With her exuberant energy and ageless beauty, it’s hard to believe that the career of legendary actress Sheryl Lee Ralph has now spanned over 45 years — and that she’s been an HIV advocate for nearly as long.
After Ralph’s first big break in the 1977 film A Piece of the Action, she made her Broadway debut in 1981, originating the iconic Deena Jones in Dreamgirls (a role for which Ralph earned a Tony nomination and was later played by Beyoncé in the 2006 film version). Since then, Ralph has literally never stopped working and has appeared in dozens of movies, TV shows, and stage productions including Sister Act 2, Moesha, Barbershop, and To Sleep With Anger.

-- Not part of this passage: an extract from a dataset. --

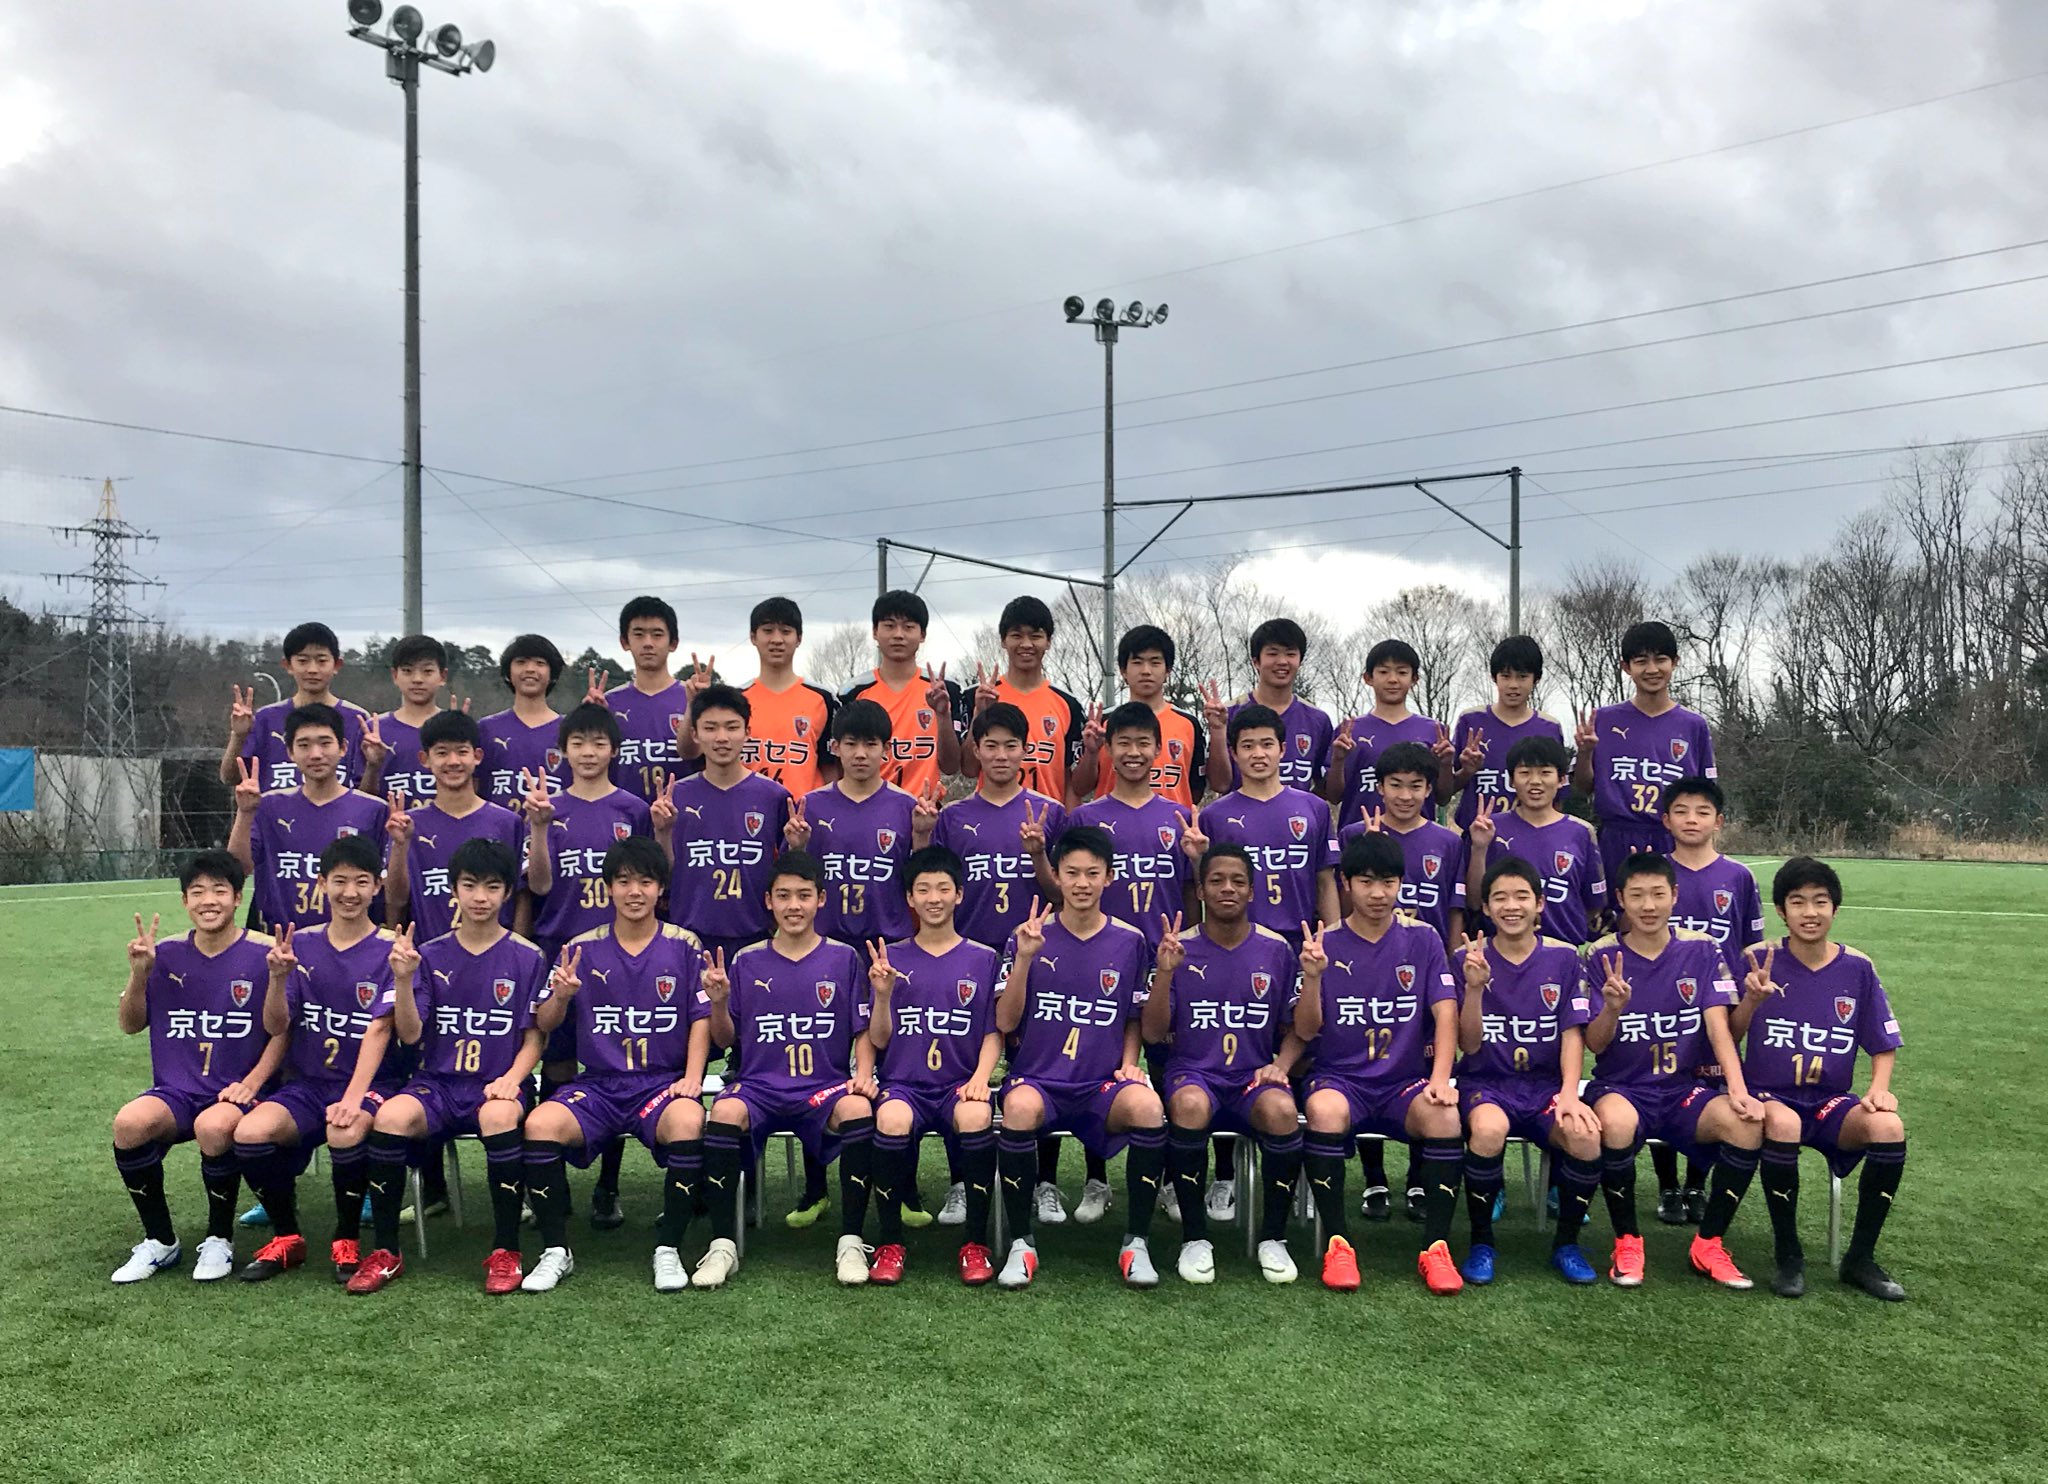 京都サンガf C 今日はu 15チームが集合写真撮影 めちゃくちゃ寒い中 選手たちは半袖で頑張りました 今季も サンガアカデミー へご声援をよろしくお願いします Sanga 京都サンガ T Co Xec0oo85vf Twitter
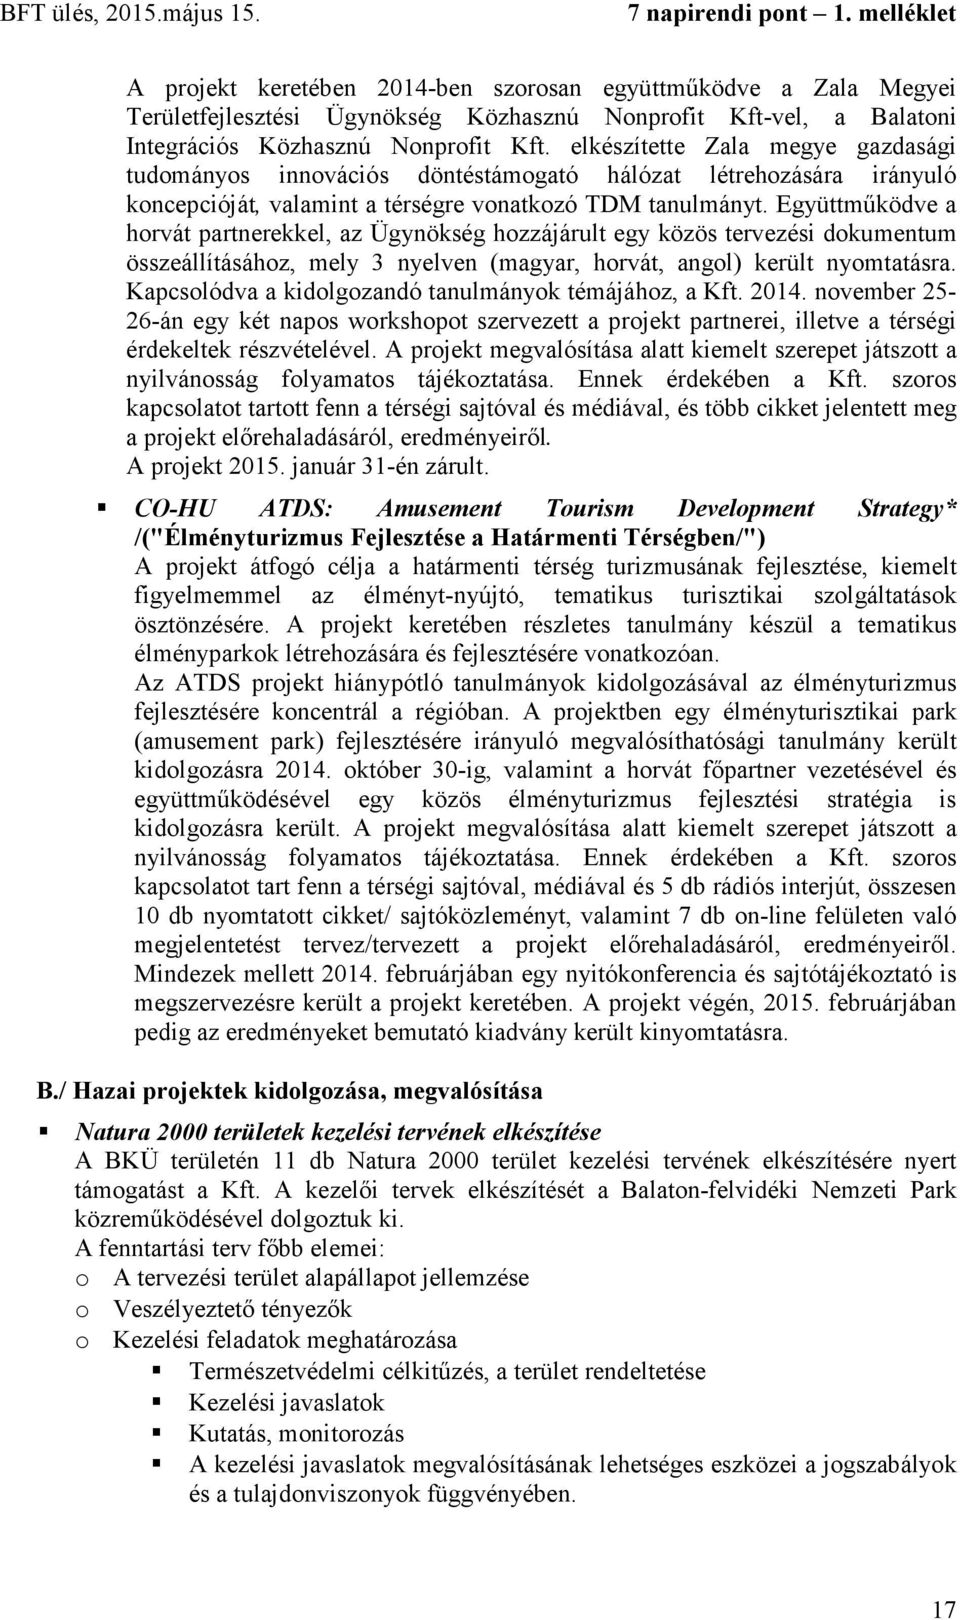 Együttműködve a horvát partnerekkel, az Ügynökség hozzájárult egy közös tervezési dokumentum összeállításához, mely 3 nyelven (magyar, horvát, angol) került nyomtatásra.

Unfortunately, just when her career started to explode in the early ’80s, so did the AIDS epidemic — and Ralph witnessed firsthand the suffering and devastating loss of life in those dark early days. The young actress quickly worked to turn tragedy into change. She founded the DIVA Foundation (thedivafoundation.org) in 1990, which raises funds for HIV causes, especially ones focused on the Black community and women and children. Over the past four decades, the DIVA Foundation has given hundreds of thousands of dollars to organizations like Women Alive, Caring for Babies With AIDS, Minority AIDS Project, AIDS Healthcare Foundation, and the Black AIDS Institute.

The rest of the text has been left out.